Search code examples
sparqlmarklogic

SPARQL Geospatial Queries (MarkLogic)


Carrying on from a previous question here. Where it was noted that avoiding fn:doc() should be avoided in SPARQL queries. However, for geospatial queries aside from the code shown below I am unable to find an alternative solution. I have also used this query and it's runtime is really slow. For bigger set of data it will hit the 1 hour timeout.
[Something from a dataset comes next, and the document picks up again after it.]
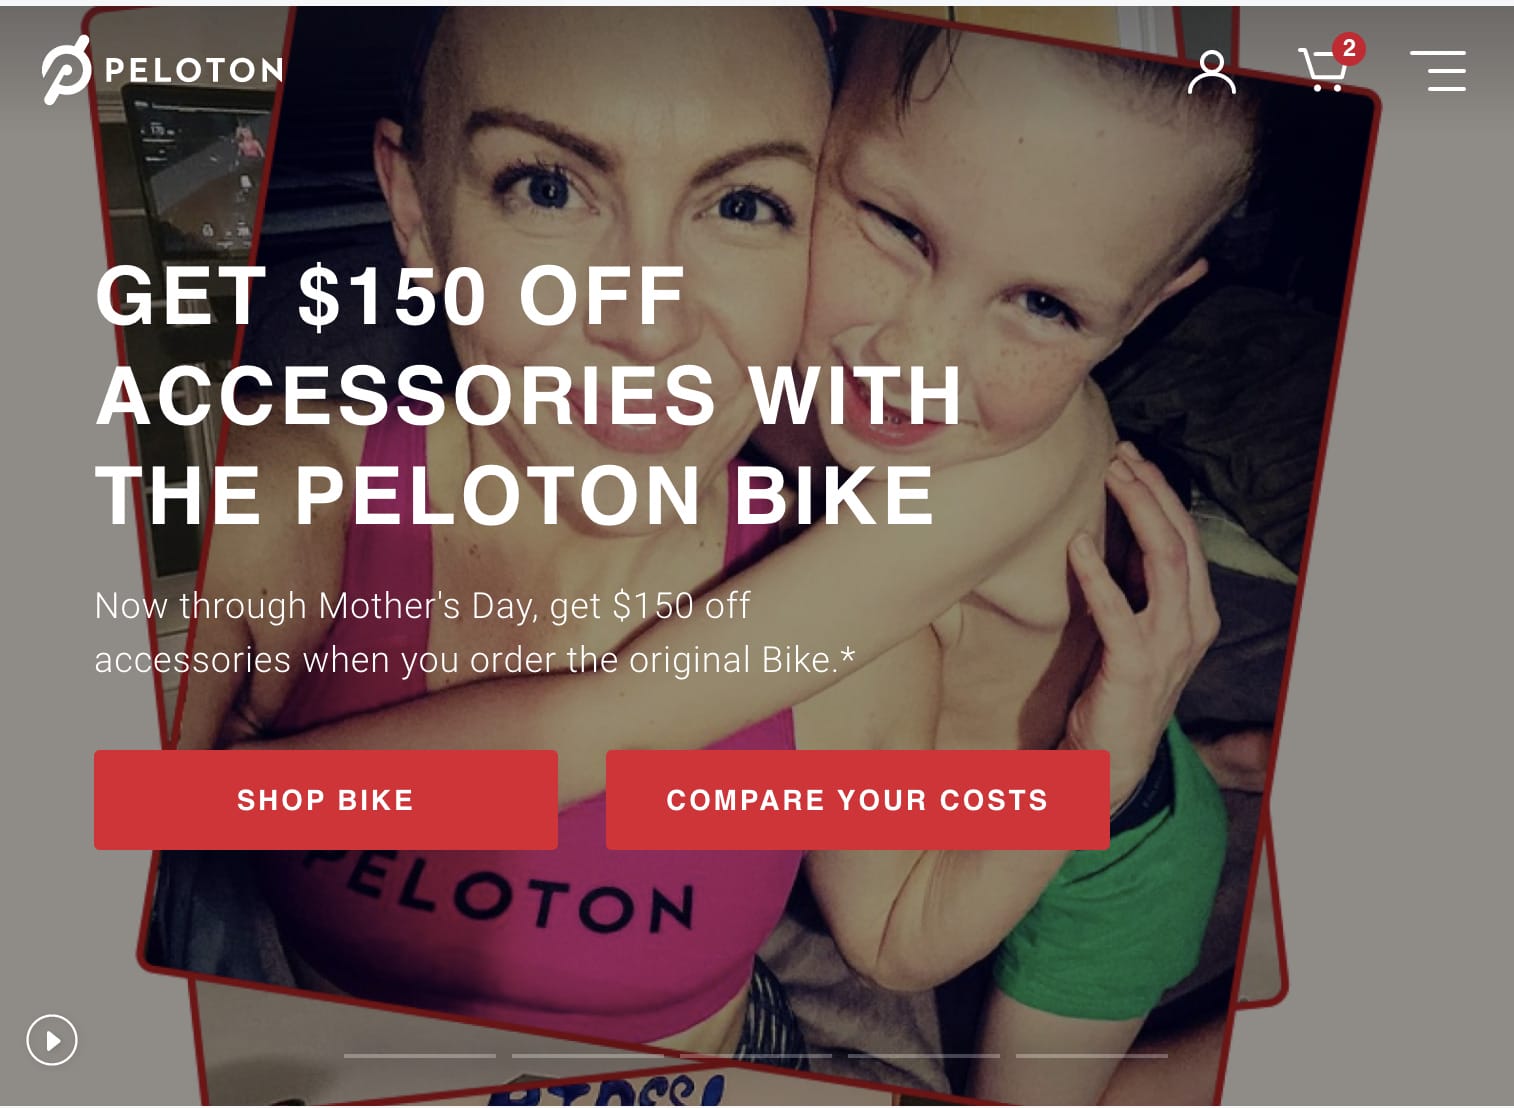 Peloton's website has details about the Mother's Day discount
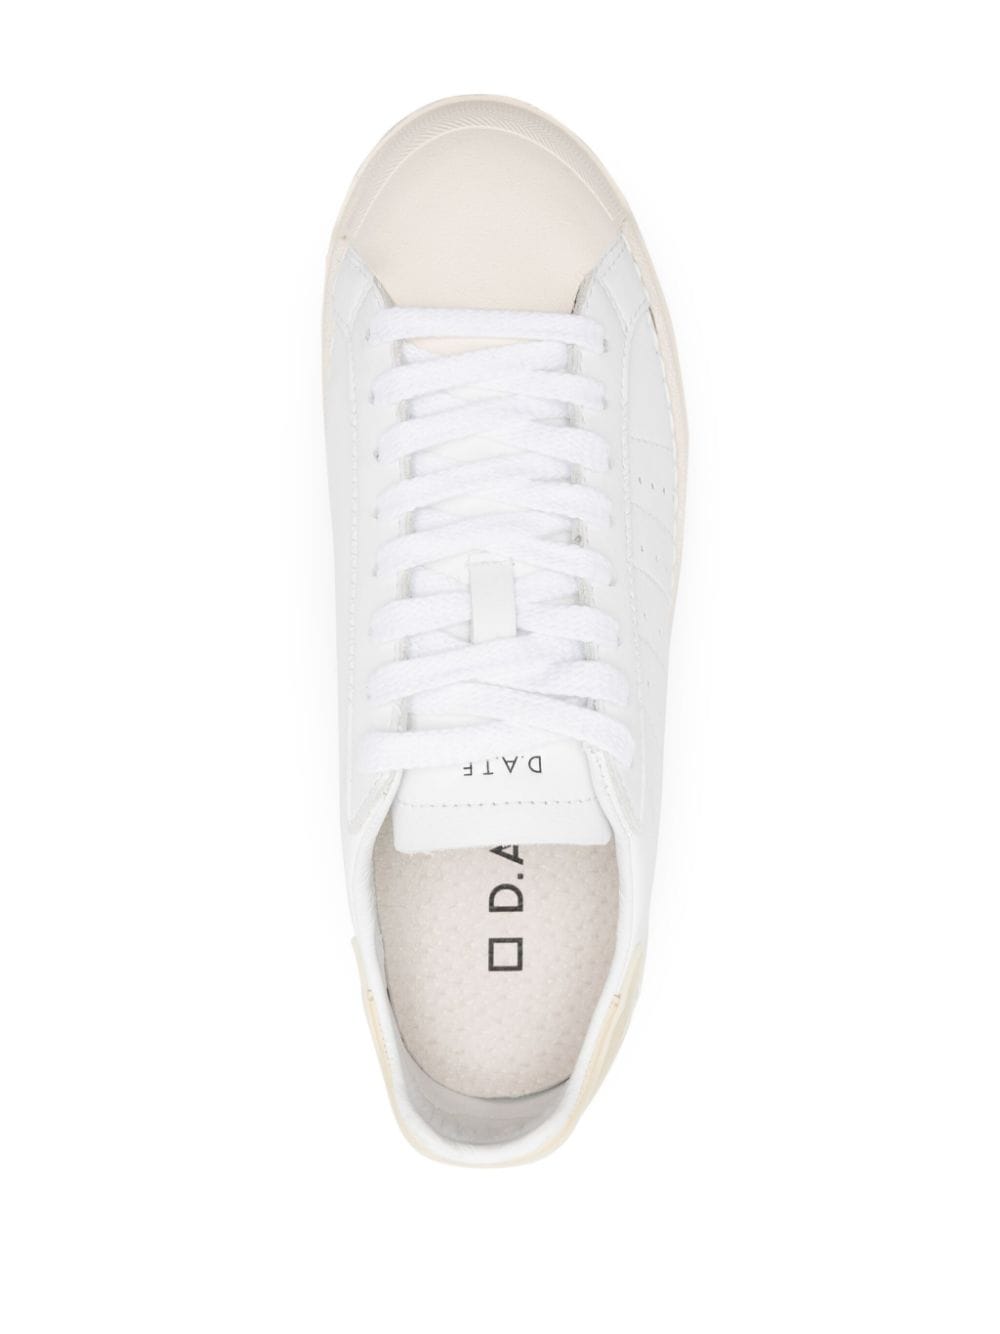 Shop Date Base Island Leather Sneakers In Weiss

Hence, I would like to ask if there is a better way in implementing Geospatial queries for SPARQL? Is it possible to use GEOSPARQL with PREFIX spatial:<http://jena.apache.org/spatial#>?

xquery version "1.0-ml";
import module namespace sem = "http://marklogic.com/semantics" at "/MarkLogic/semantics.xqy";
import module namespace thsr="http://marklogic.com/xdmp/thesaurus" 
                             at "/MarkLogic/thesaurus.xqy";

let $query := sem:sparql(
'
PREFIX xs: <http://www.w3.org/2001/XMLSchema#>
PREFIX cts: <http://marklogic.com/cts#>
PREFIX rdfs: <http://www.w3.org/2000/01/rdf-schema/>
PREFIX fn: <http://www.w3.org/2005/xpath-functions#>
PREFIX foaf: <http://xmlns.com/foaf/0.1/>
PREFIX dc: <http://purl.org/dc/elements/1.1/>
PREFIX db: <http://dbpedia.org/resource/>
PREFIX onto: <http://dbpedia.org/ontology/>
PREFIX rdf: <http://www.w3.org/1999/02/22-rdf-syntax-ns>
PREFIX xdmp: <http://marklogic.com/xdmp#>

SELECT *
WHERE{
?people </posted> ?question .
FILTER (cts:contains(fn:doc(?people), 
cts:path-geospatial-query("/people_data/location",  cts:circle(10, cts:point(59,28)))
)) .
}',
(),
(),
()
)

return (xdmp:elapsed-time())

=======Update========

Question brought over to thread


Solution

  • I see two options here:

    • either you use the geospatial function that are built into MarkLogic to find geospatial overlap directly from inside SPARQL, preferably comparing an RDF property, rather than a value from a path index (still sub-optimal)
    • better: pre-fetch a list of documents matching your geospatial constraint, and feed that as constraint into your SPARQL (this should be highly performant)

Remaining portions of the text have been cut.